▶ [Assigned task]: Using the data below, print exactly the line with "Blending the applesauce", the line with "psy taky prožívají stres", and every line between them, but none of the pictures.

▶ [Given data]:
Content starts
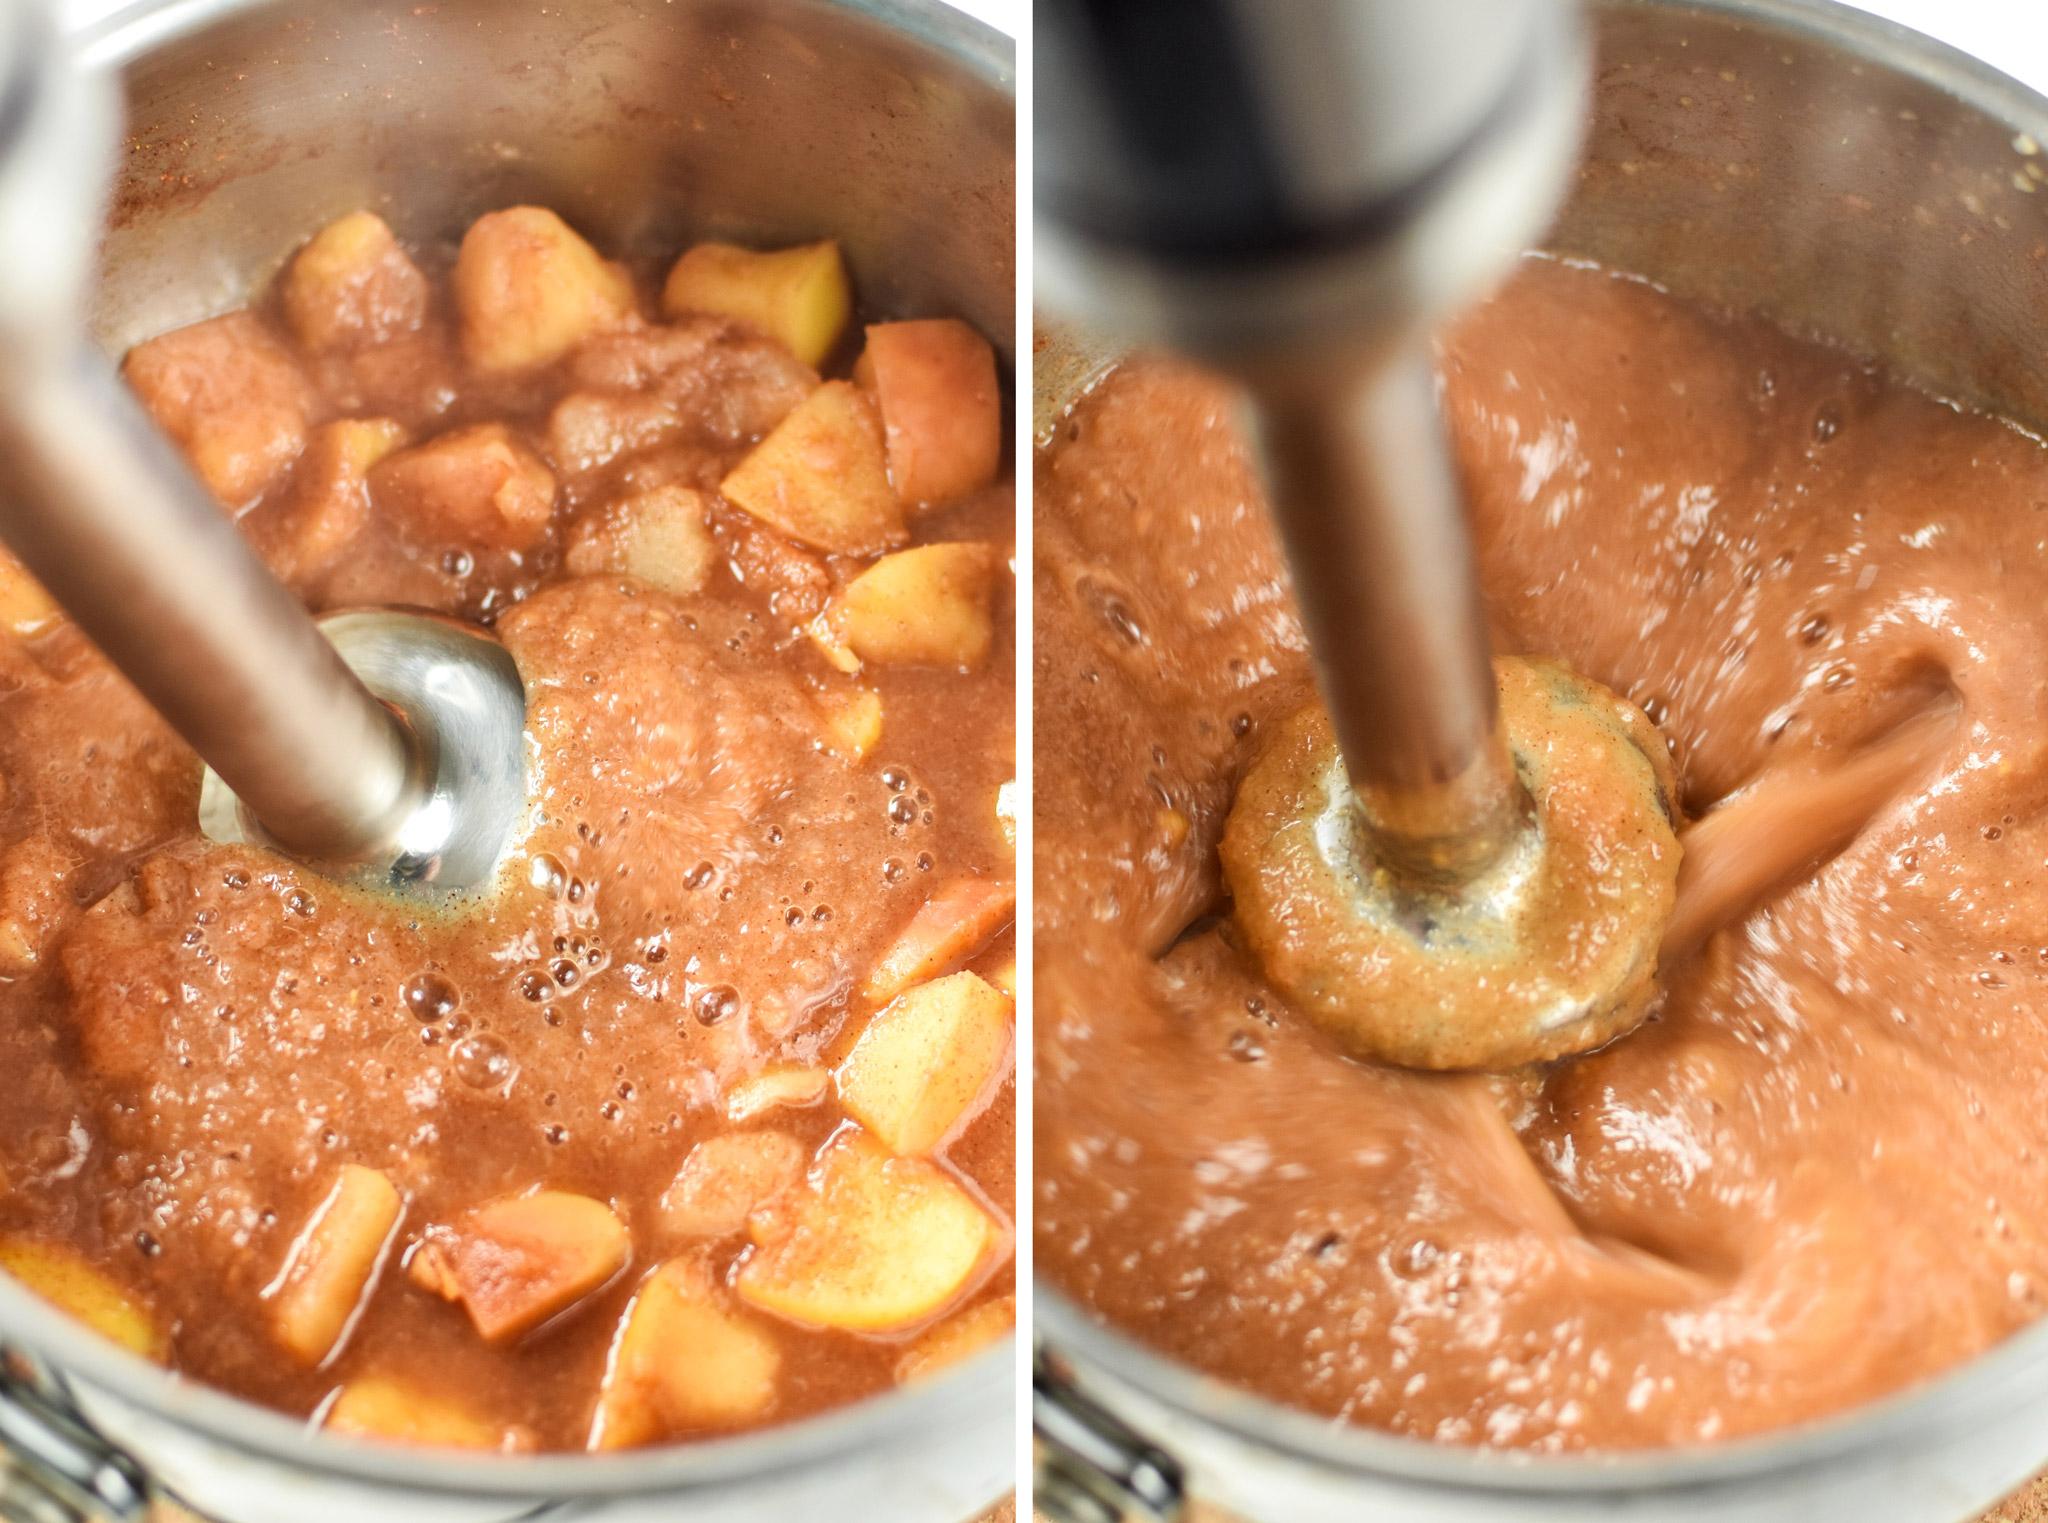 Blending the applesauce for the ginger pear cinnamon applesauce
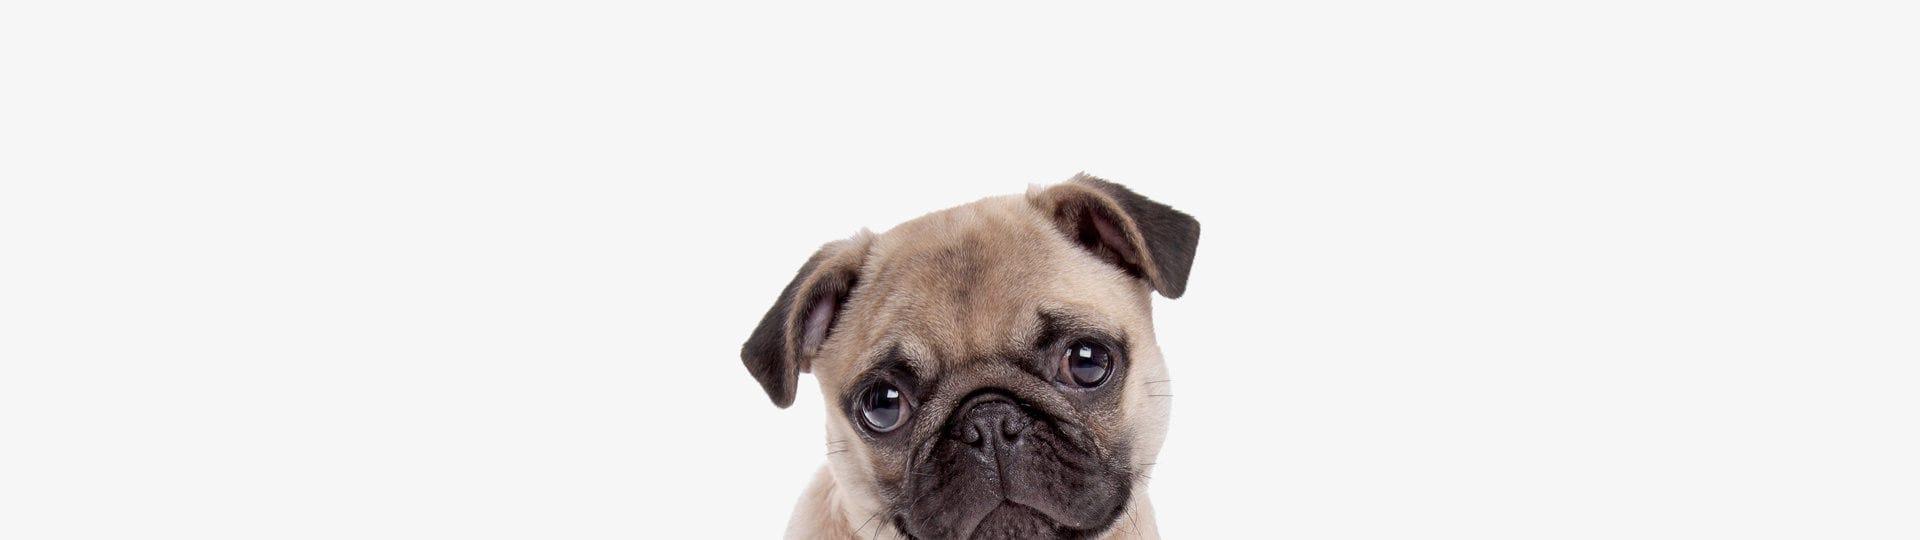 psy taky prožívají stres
Content ends
Content starts
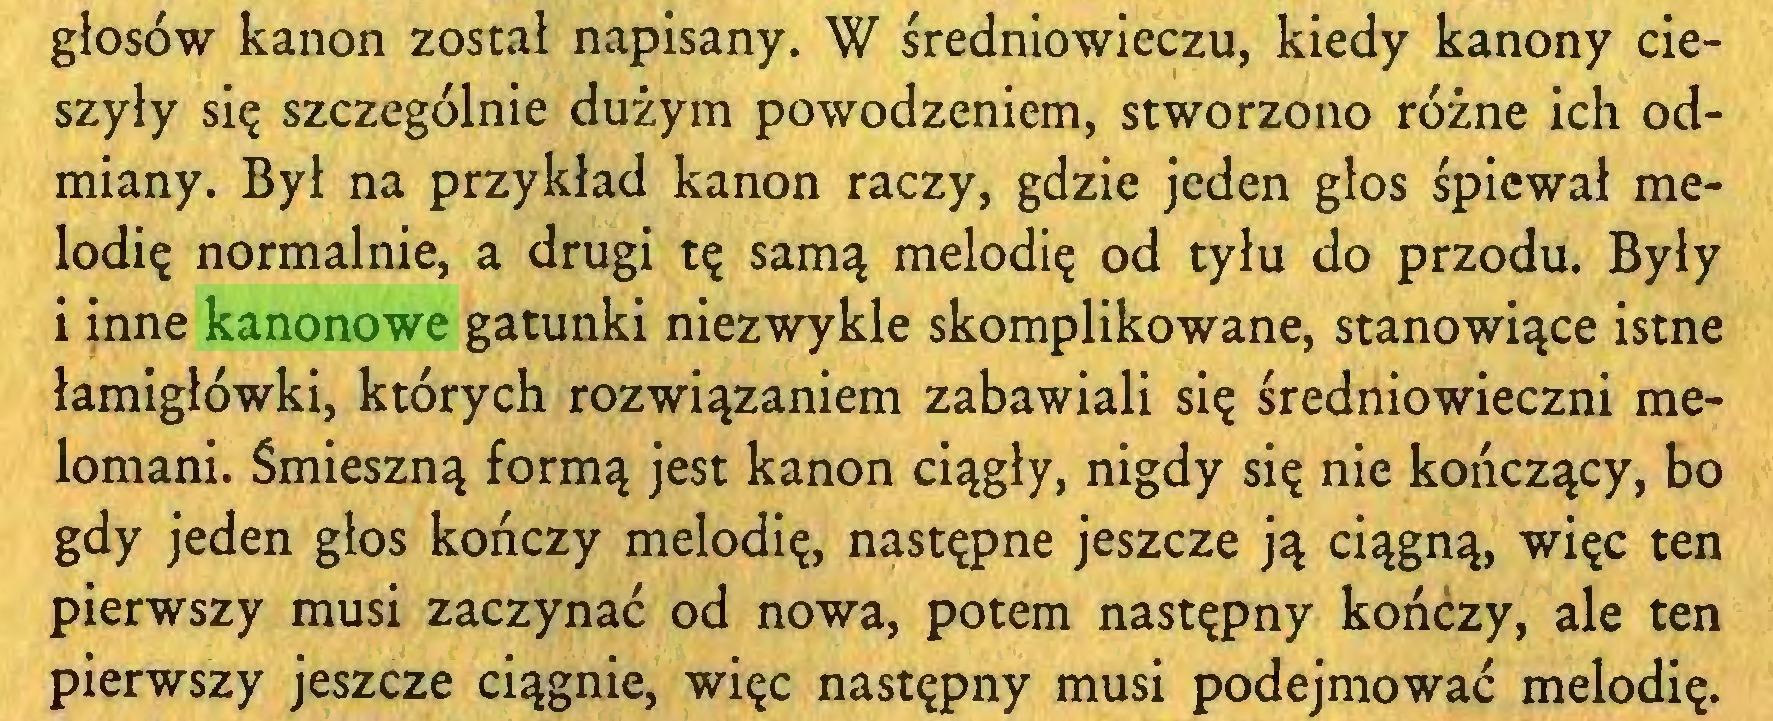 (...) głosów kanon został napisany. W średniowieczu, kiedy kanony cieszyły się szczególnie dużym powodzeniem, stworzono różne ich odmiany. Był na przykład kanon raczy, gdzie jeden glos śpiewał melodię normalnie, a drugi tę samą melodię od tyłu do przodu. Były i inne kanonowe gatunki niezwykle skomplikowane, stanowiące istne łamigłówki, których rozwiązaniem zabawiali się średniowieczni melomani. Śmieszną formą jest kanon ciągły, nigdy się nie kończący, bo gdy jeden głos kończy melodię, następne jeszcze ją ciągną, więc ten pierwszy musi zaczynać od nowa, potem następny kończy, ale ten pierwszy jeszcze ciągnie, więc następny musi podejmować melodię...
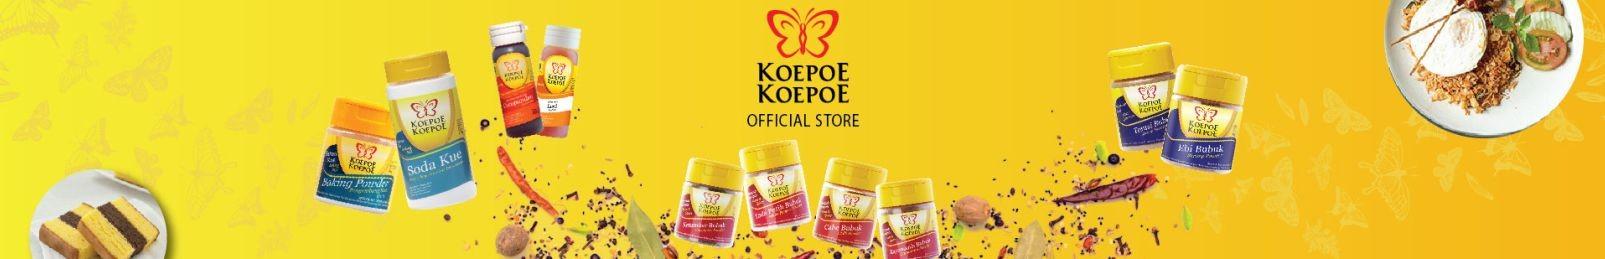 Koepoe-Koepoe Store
Content ends
▶ [Your response]:
 Blending the applesauce for the ginger pear cinnamon applesauce
 psy taky prožívají stres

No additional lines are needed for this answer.